• [YOUR INSTRUCTIONS]:
For this exercise, retype all the data exactly and exclude every image.

··· DATASET EXTRACT

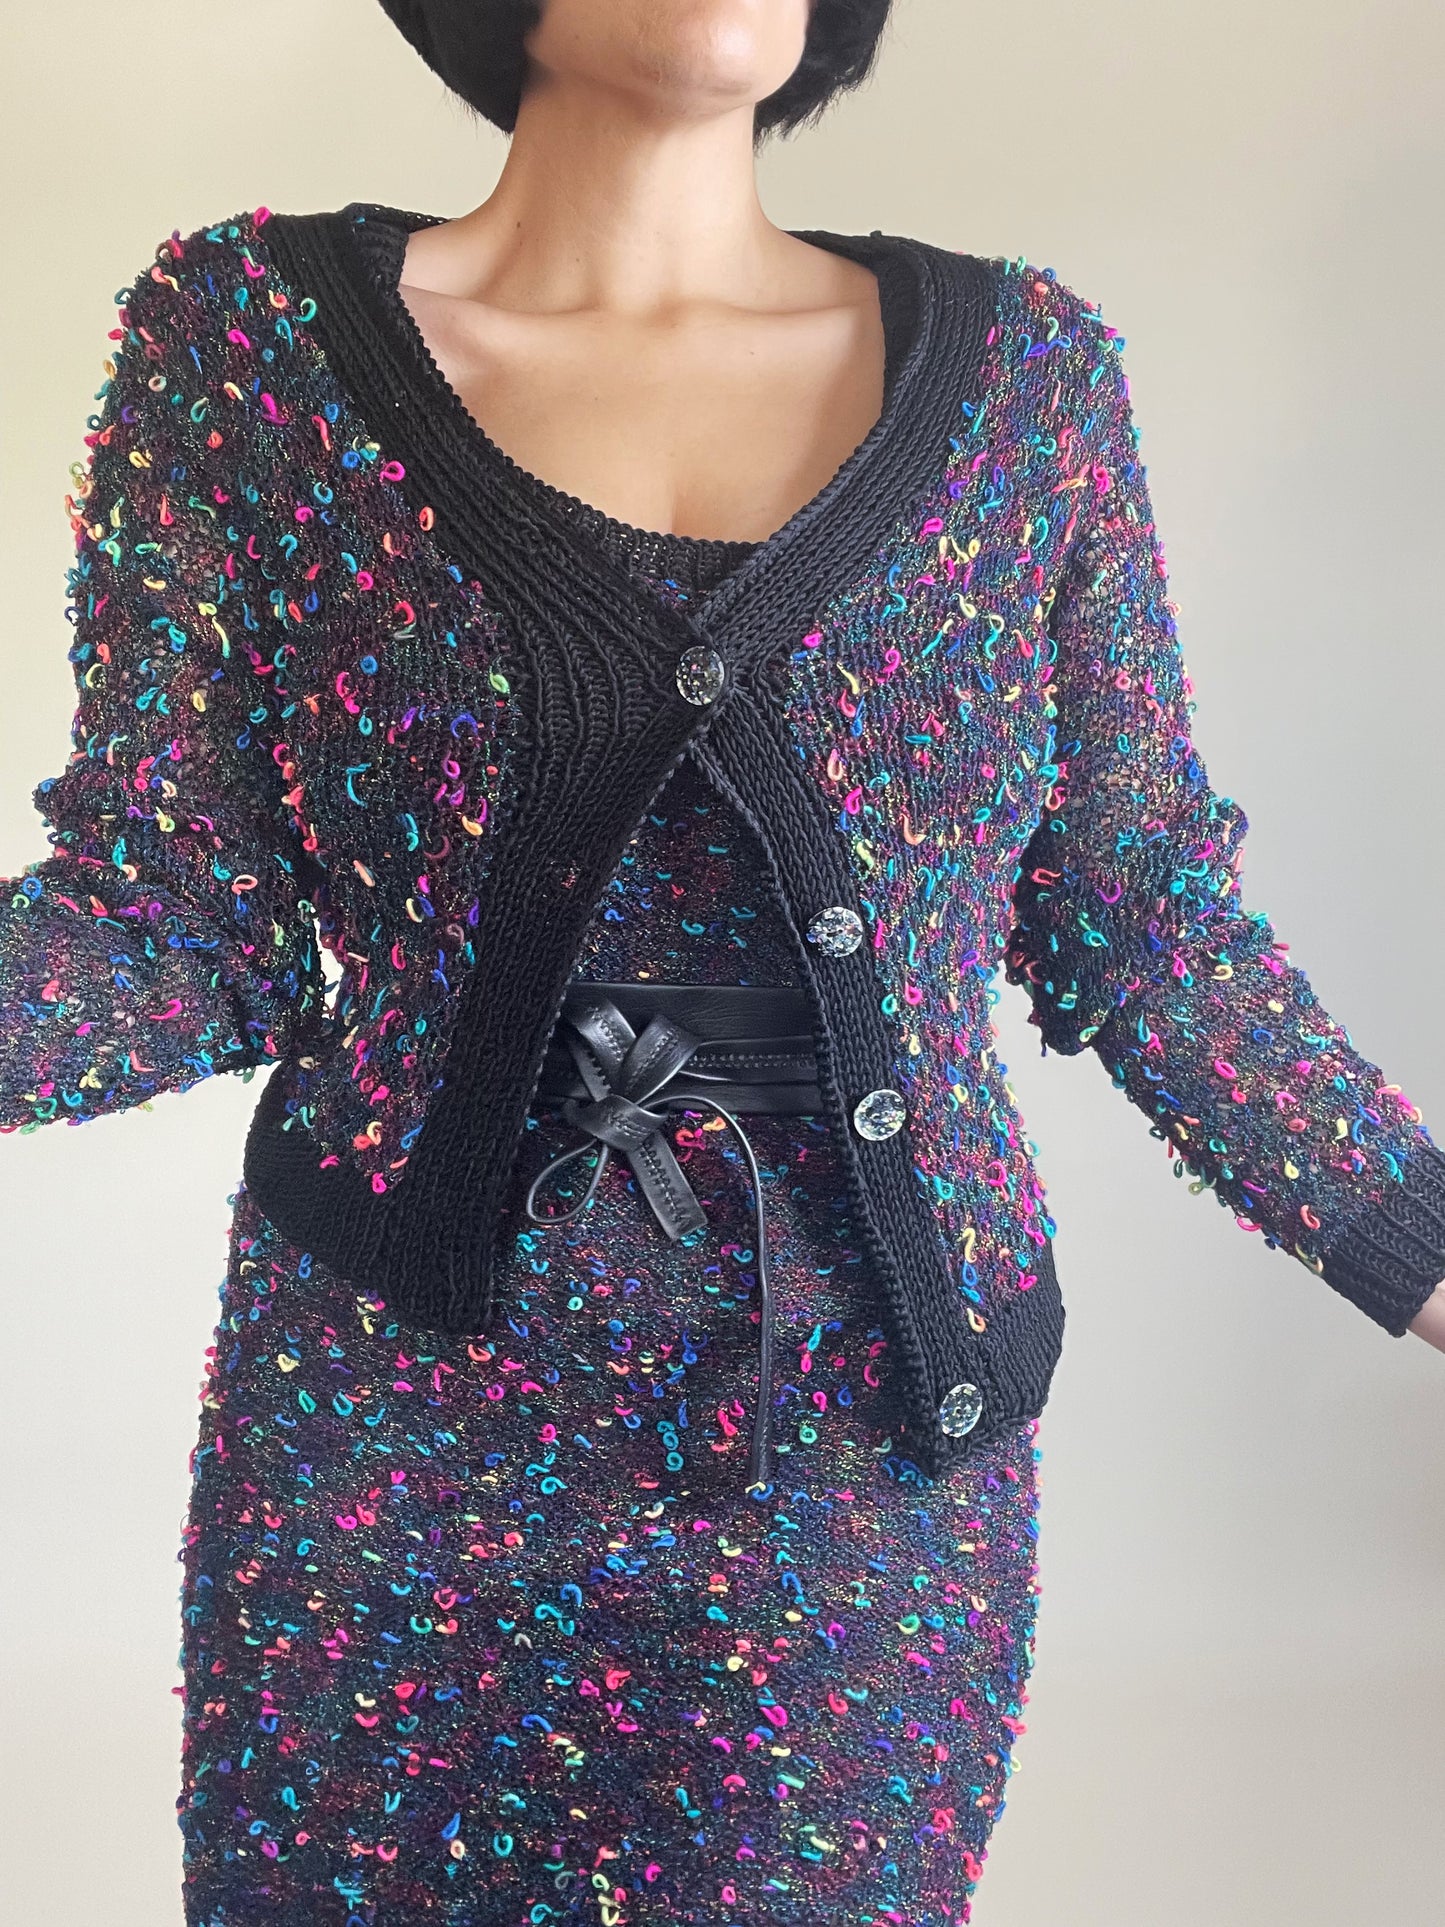 Vintage 80s Rainbow Yarn Knit Dress Sweater Set Fits Sizes XS-M
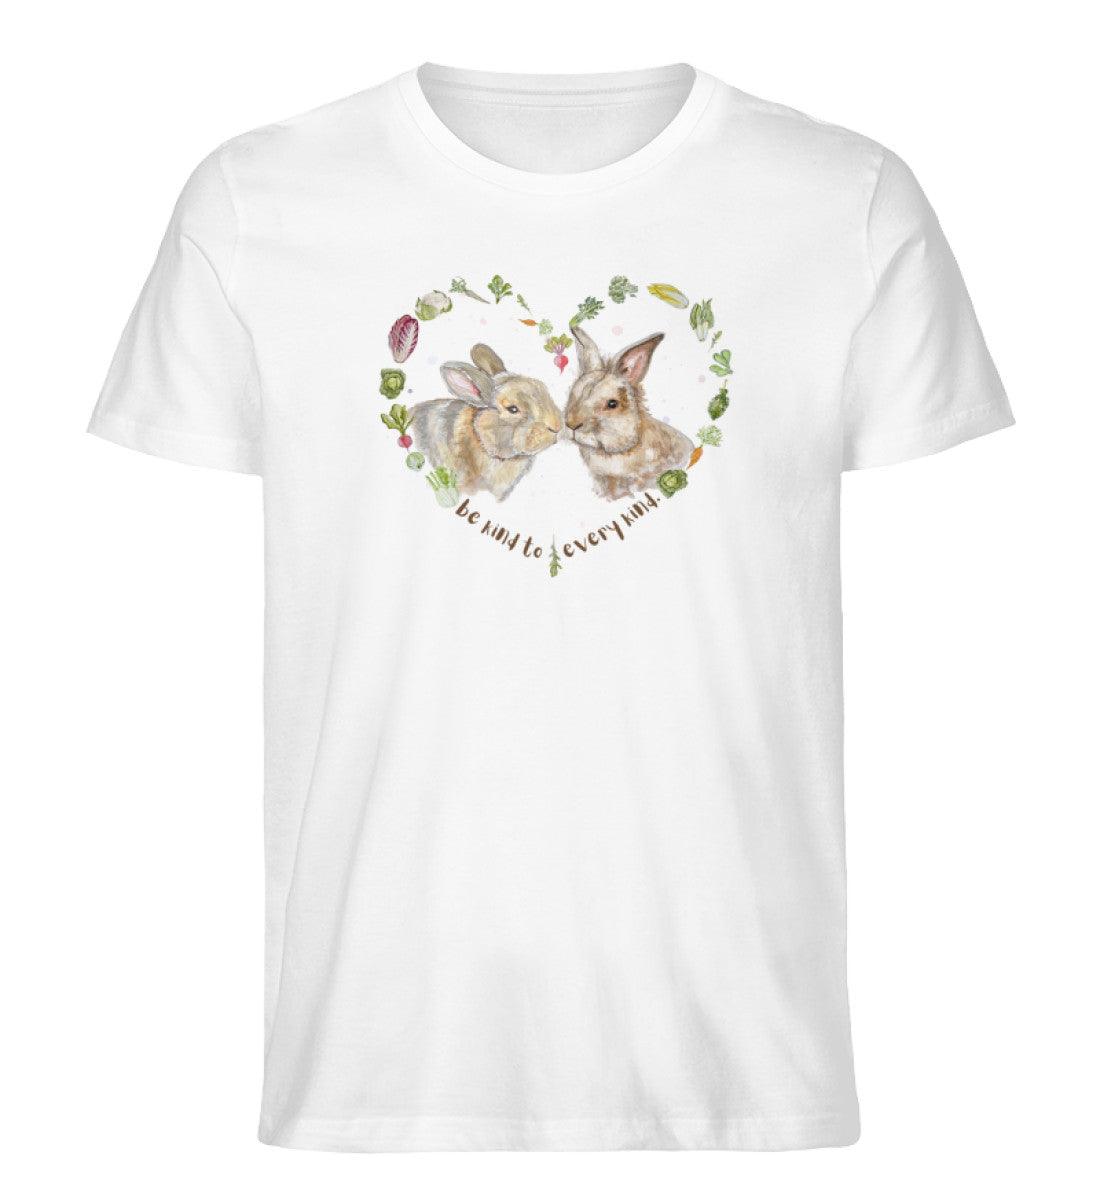 Be kind to every kind Rabbits [Svenja Rakel] - Unisex Organic Shirt - Team Vegan © vegan t shirt
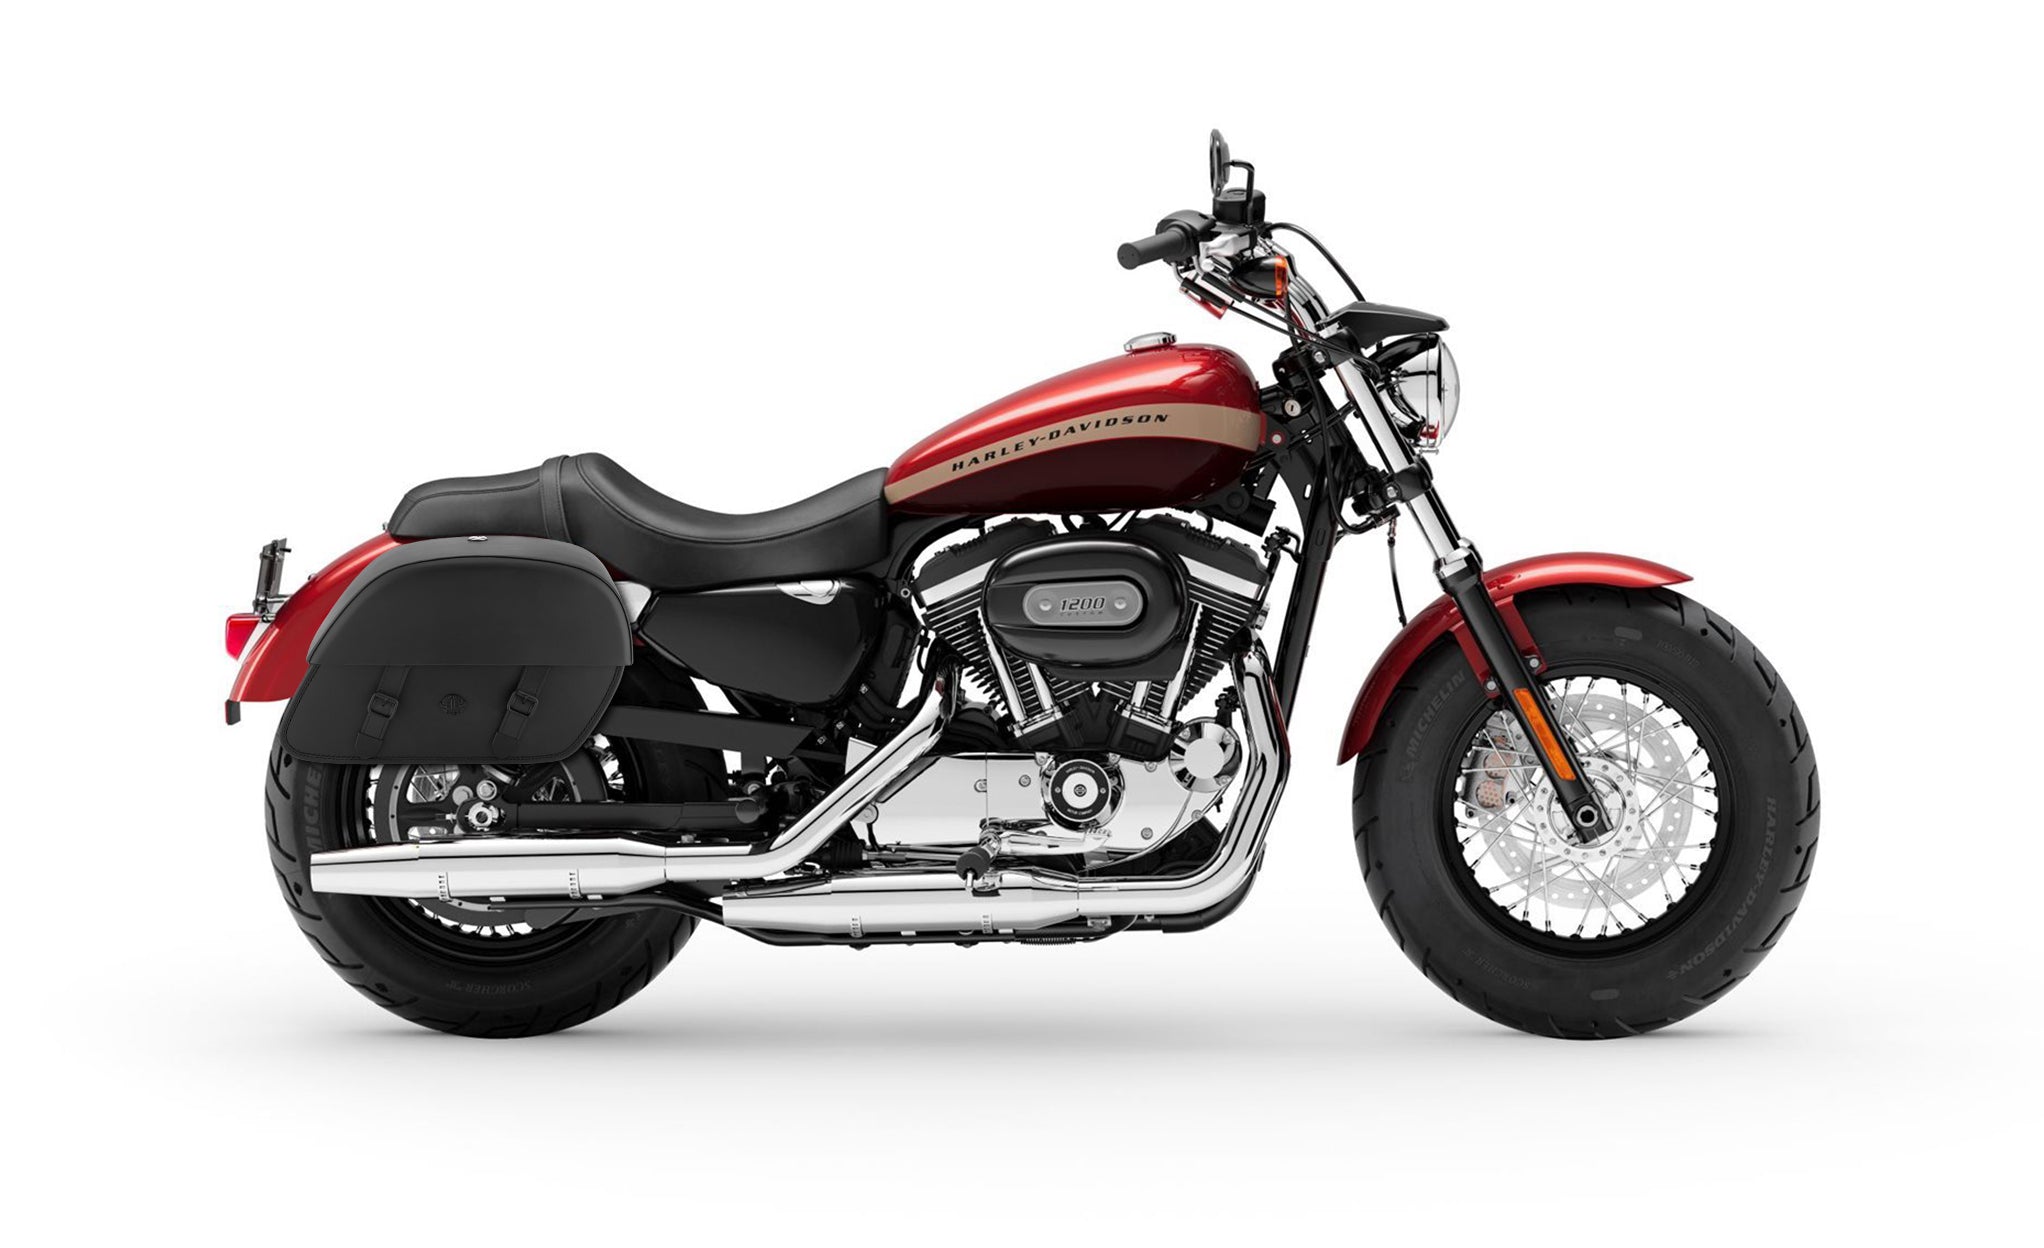 28L - Baelor Medium Quick Mount Motorcycle Saddlebags For Harley Sportster 1200 Custom XL1200C/XLH1200C @expand

······

• [WRITTEN REPLY]:
 Vintage 80s Rainbow Yarn Knit Dress Sweater Set Fits Sizes XS-M
 Be kind to every kind Rabbits [Svenja Rakel] - Unisex Organic Shirt - Team Vegan © vegan t shirt
 28L - Baelor Medium Quick Mount Motorcycle Saddlebags For Harley Sportster 1200 Custom XL1200C/XLH1200C @expand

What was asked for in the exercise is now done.